What the task requires
Everything in the data except the pictures belongs in your answer, copied exactly.

Supplied data
**********

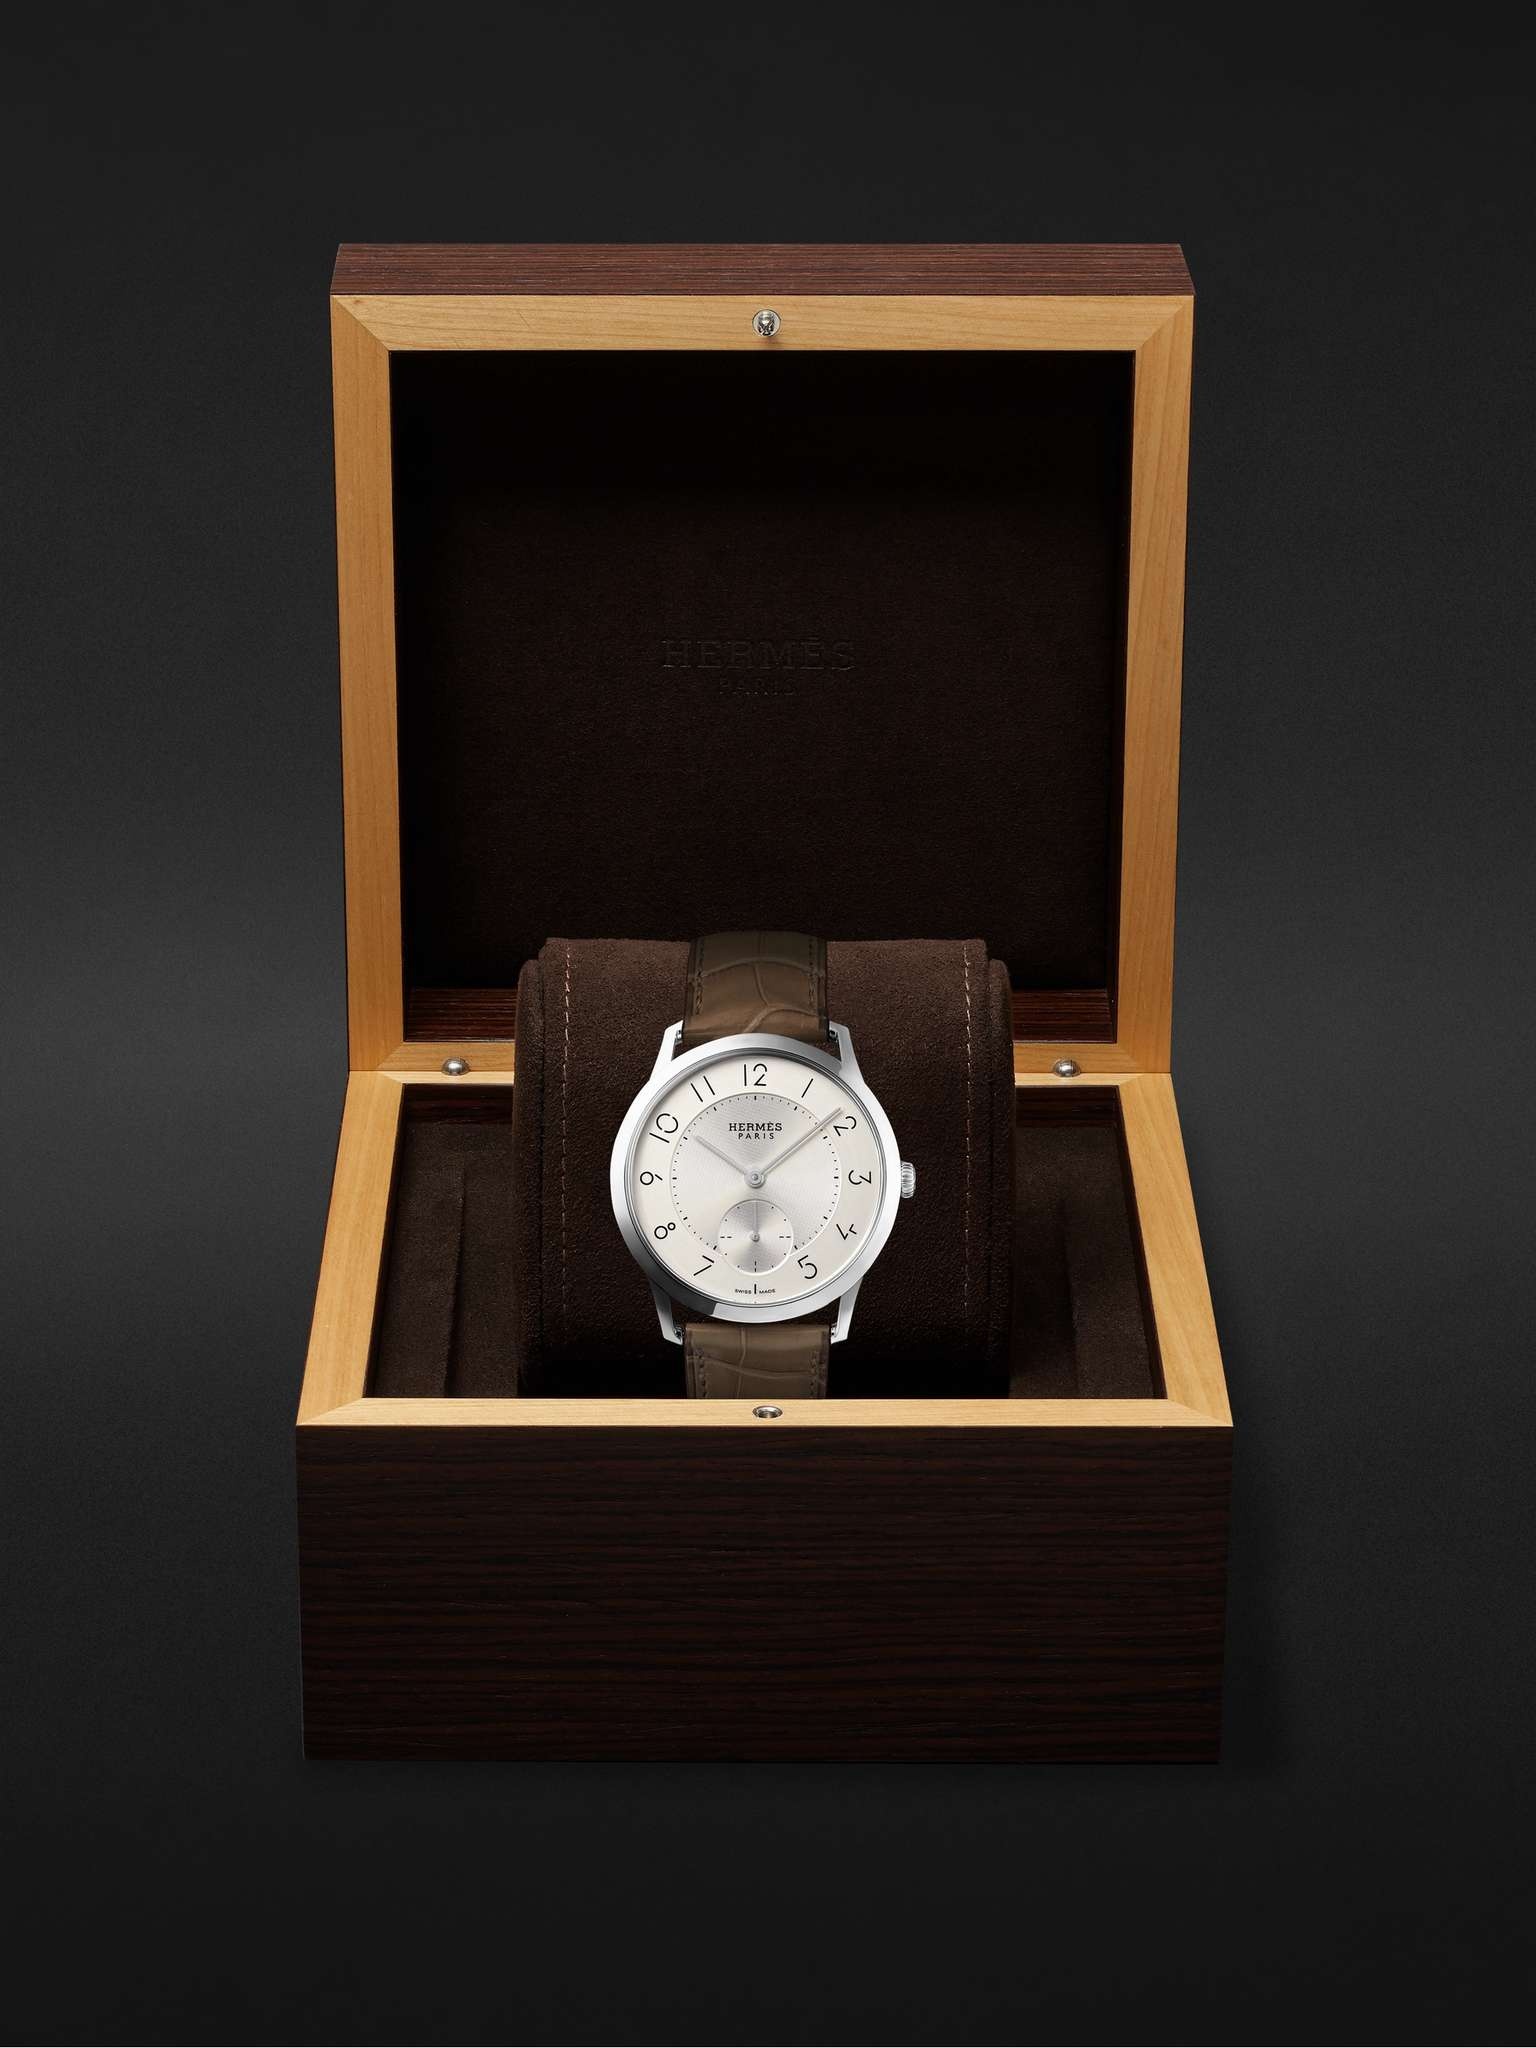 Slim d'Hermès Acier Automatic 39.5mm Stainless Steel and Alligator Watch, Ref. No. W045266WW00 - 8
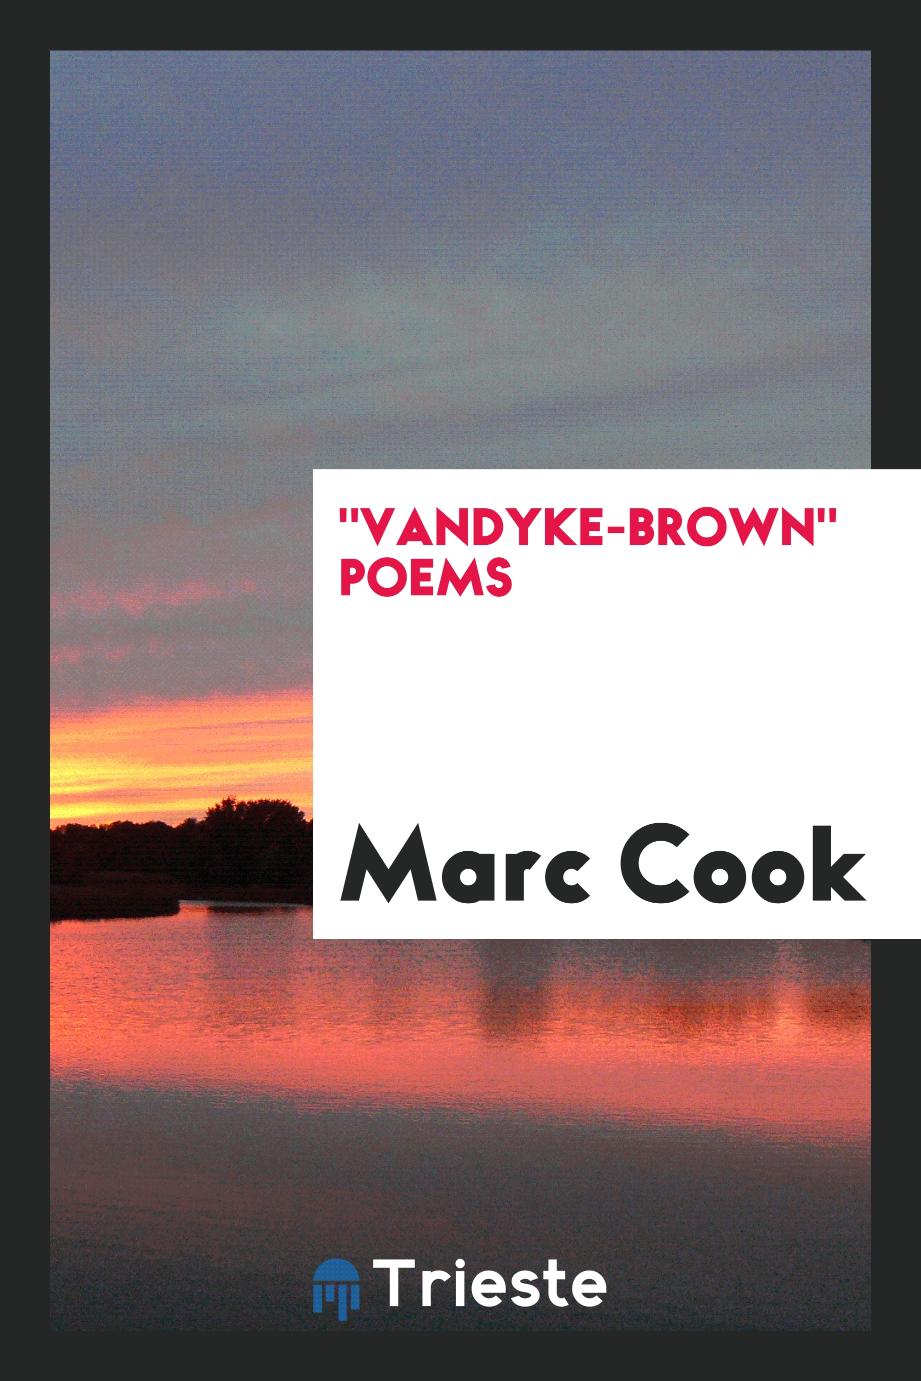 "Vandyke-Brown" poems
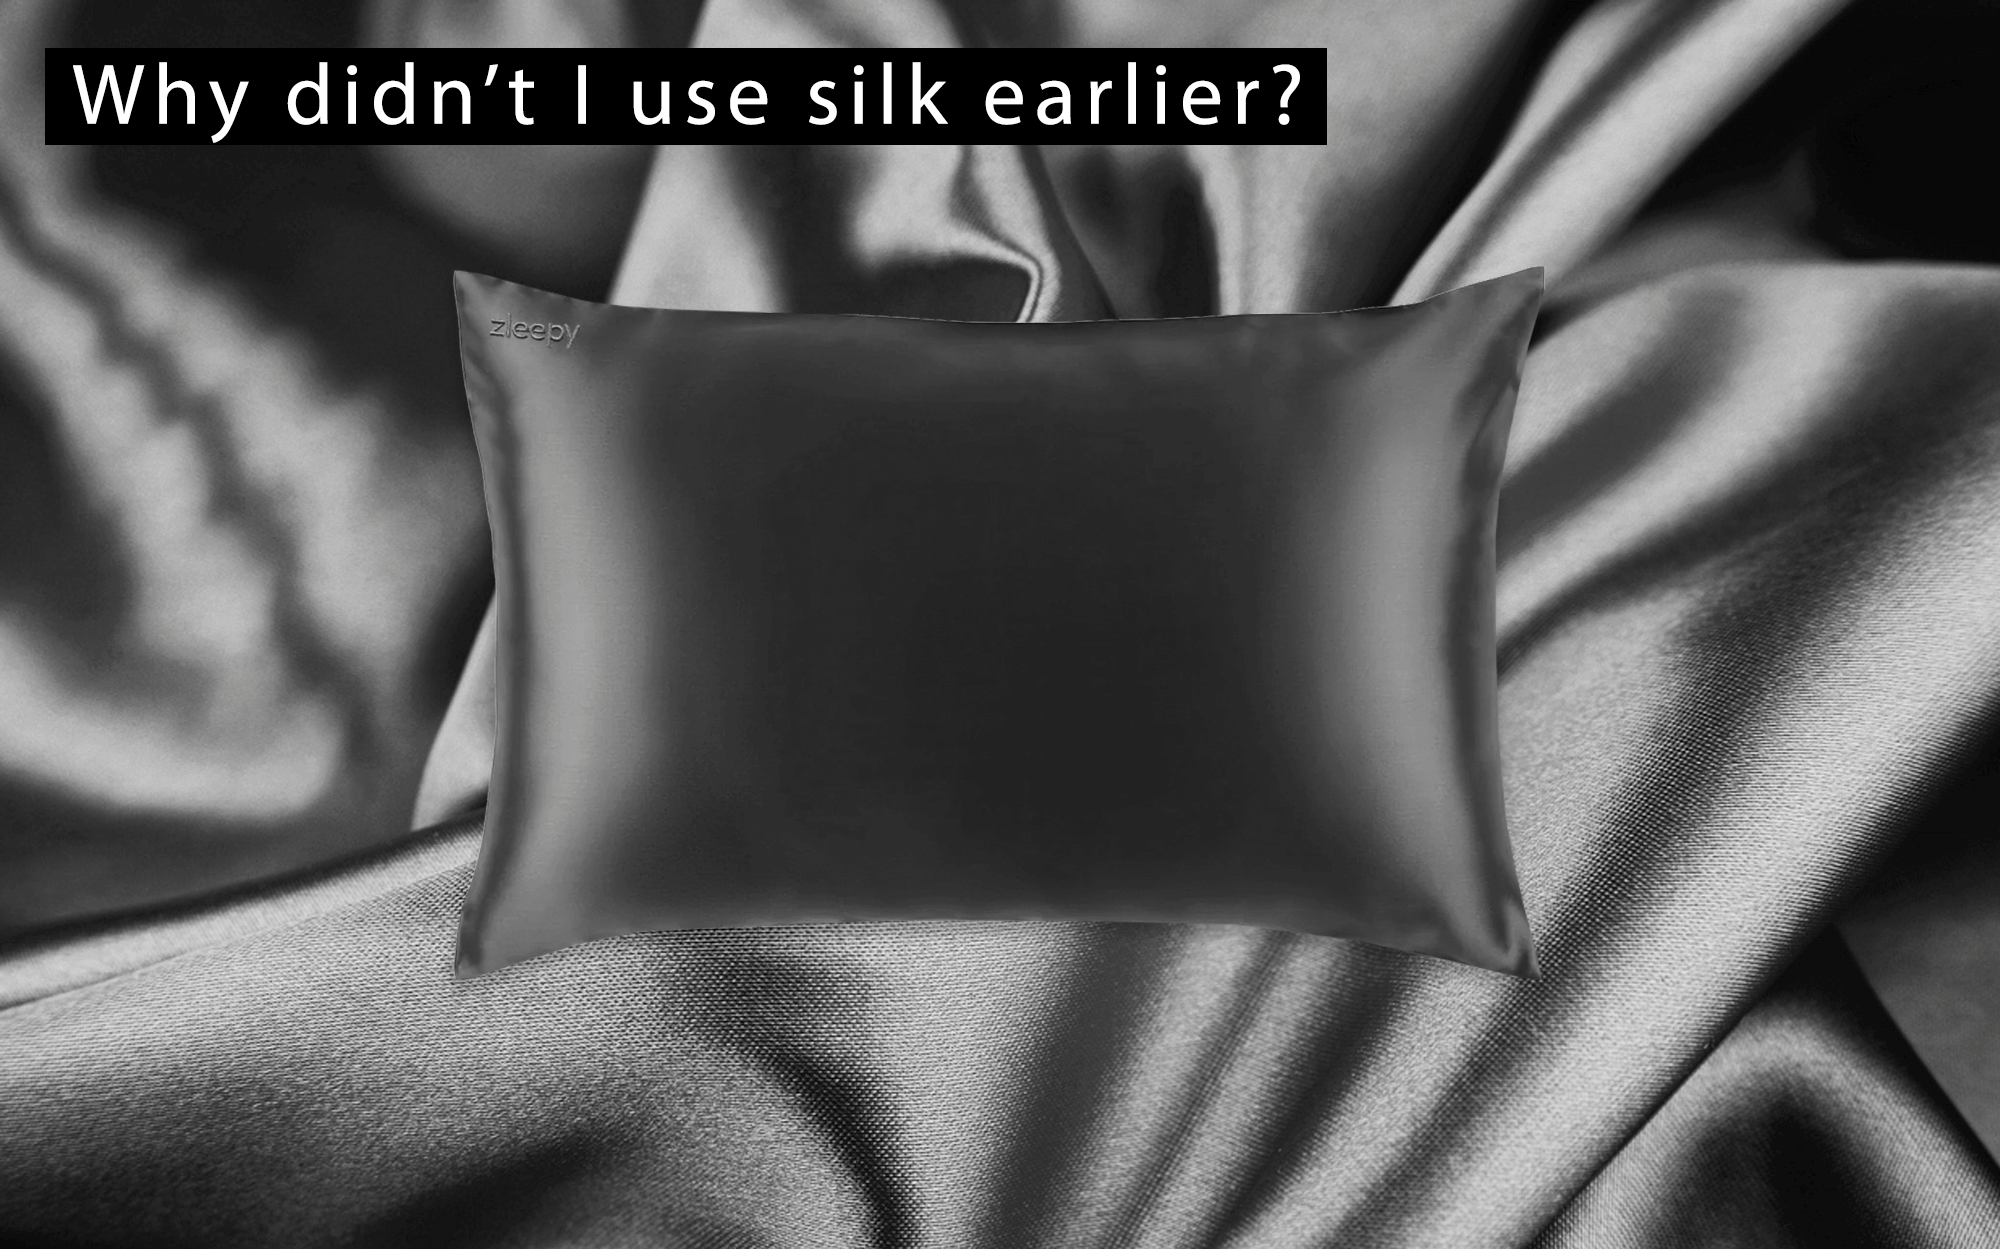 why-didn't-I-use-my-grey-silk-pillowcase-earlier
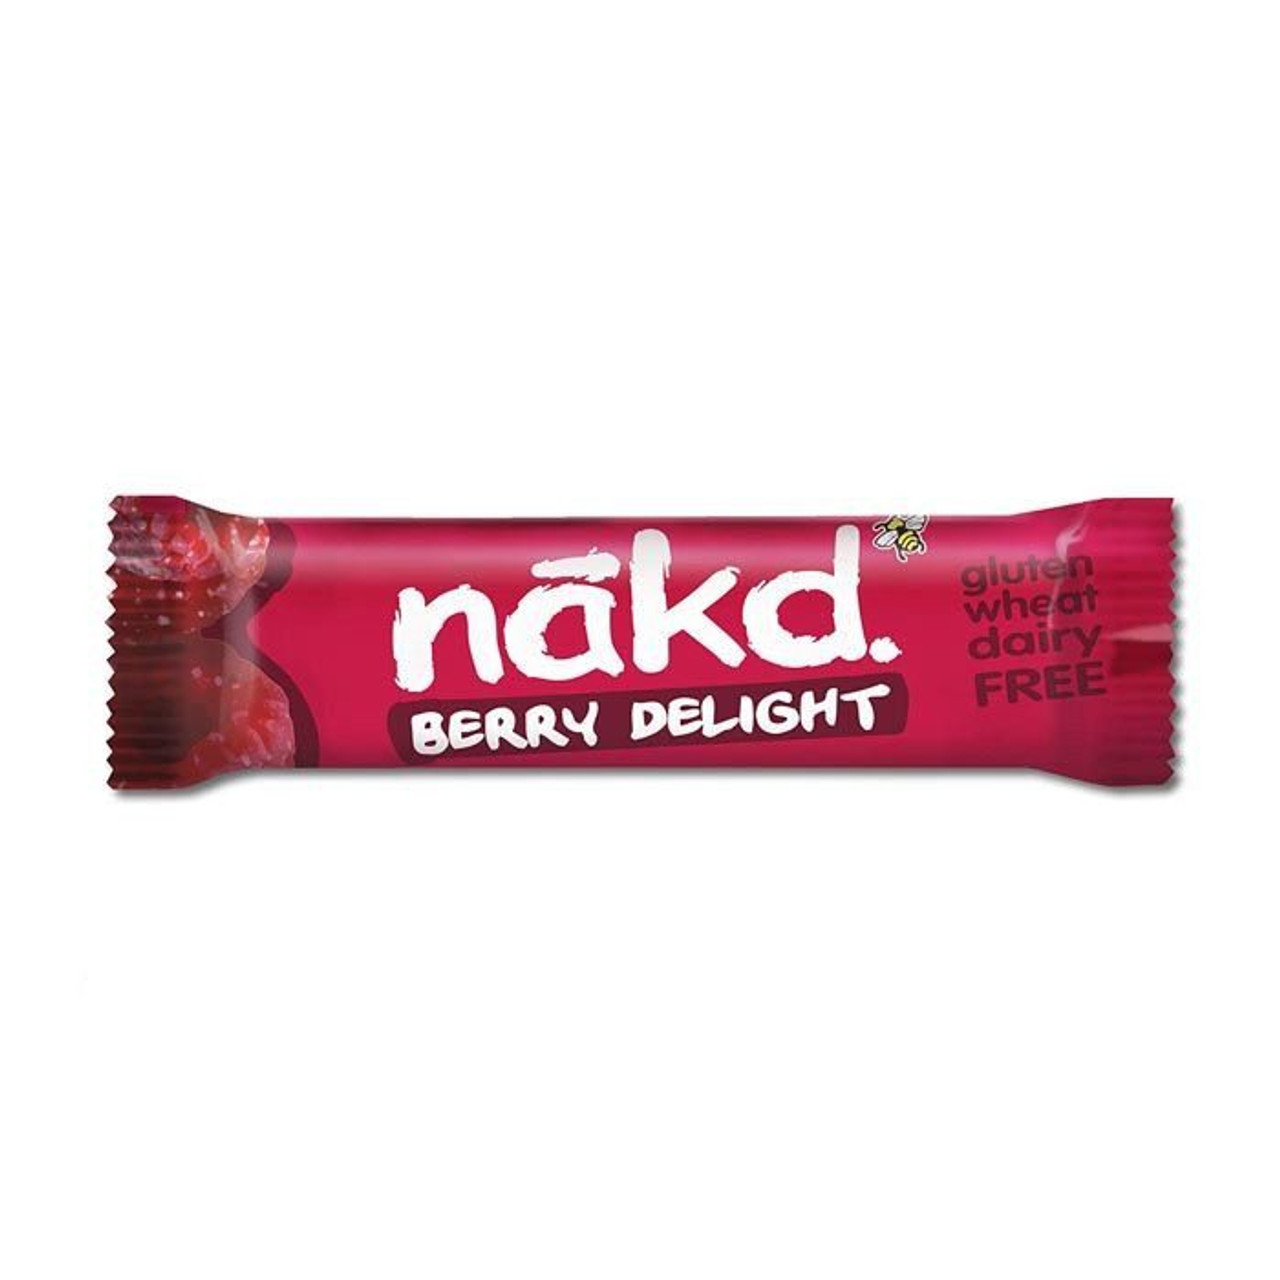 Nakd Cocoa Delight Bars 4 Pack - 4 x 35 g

**********

Result of this task
 Slim d'Hermès Acier Automatic 39.5mm Stainless Steel and Alligator Watch, Ref. No. W045266WW00 - 8
 "Vandyke-Brown" poems
 why-didn't-I-use-my-grey-silk-pillowcase-earlier
 Nakd Cocoa Delight Bars 4 Pack - 4 x 35 g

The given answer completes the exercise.